┌────────
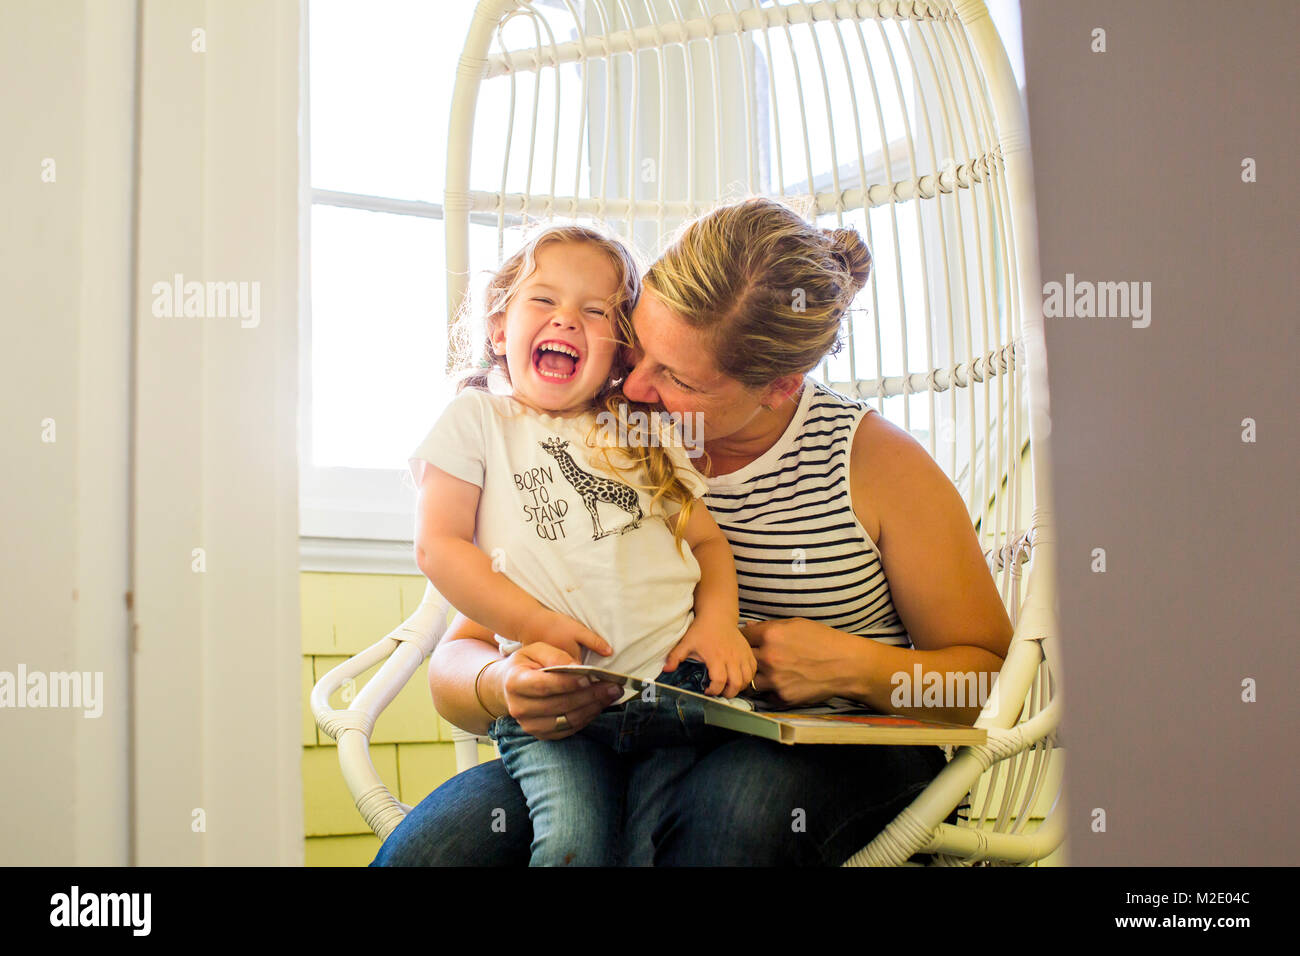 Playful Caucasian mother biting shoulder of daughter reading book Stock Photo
└────────
┌────────
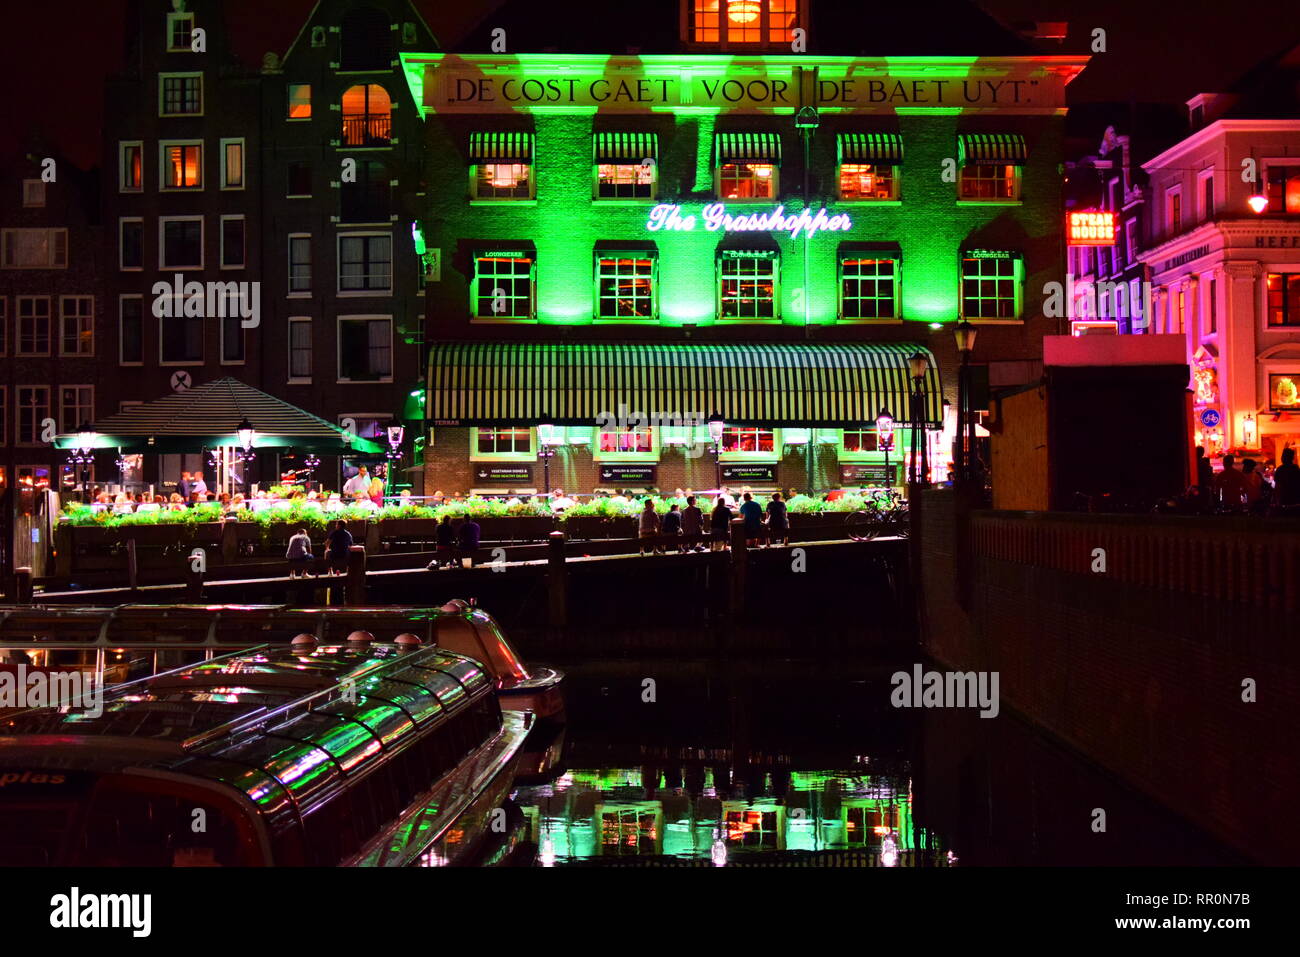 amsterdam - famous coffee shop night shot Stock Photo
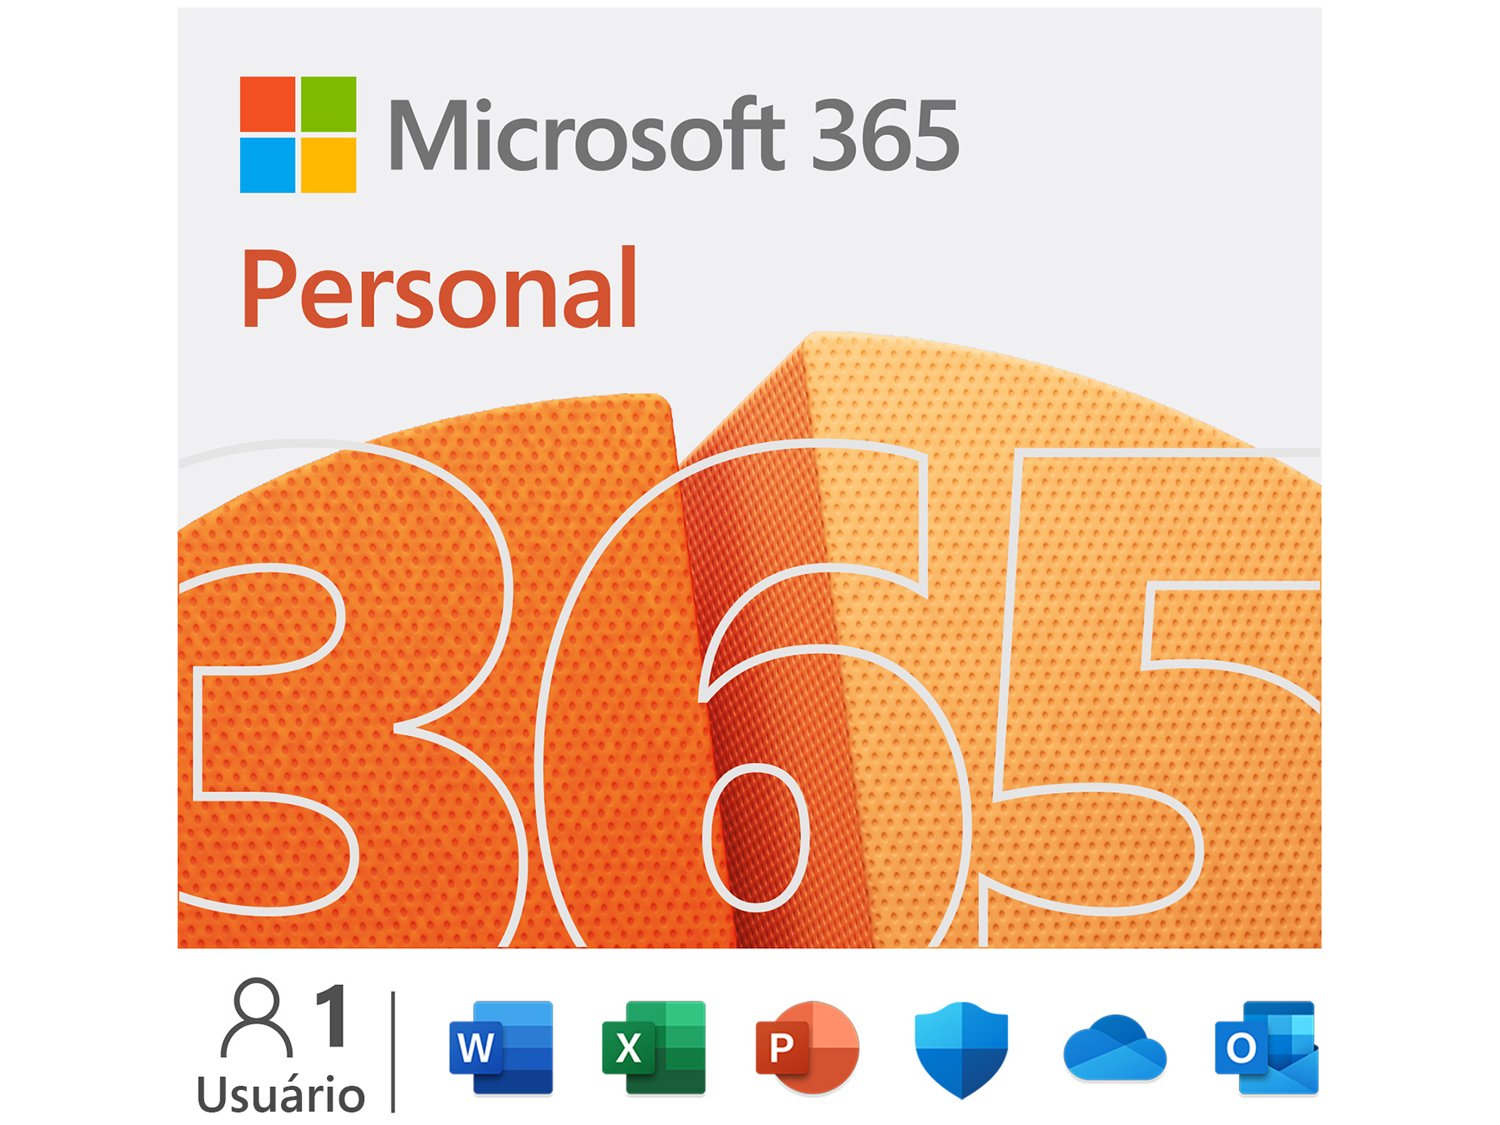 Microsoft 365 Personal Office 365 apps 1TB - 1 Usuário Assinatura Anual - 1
└────────
◆ INSTRUCTIONS TO FOLLOW ◆
Transcribe exactly the lines above, beginning at the one with "amsterdam - famous" and going up to and including the one with "Microsoft 365 Personal". Pictures do not belong in the copy.

◆ EXERCISE RESULT ◆
 amsterdam - famous coffee shop night shot Stock Photo
 Microsoft 365 Personal Office 365 apps 1TB - 1 Usuário Assinatura Anual - 1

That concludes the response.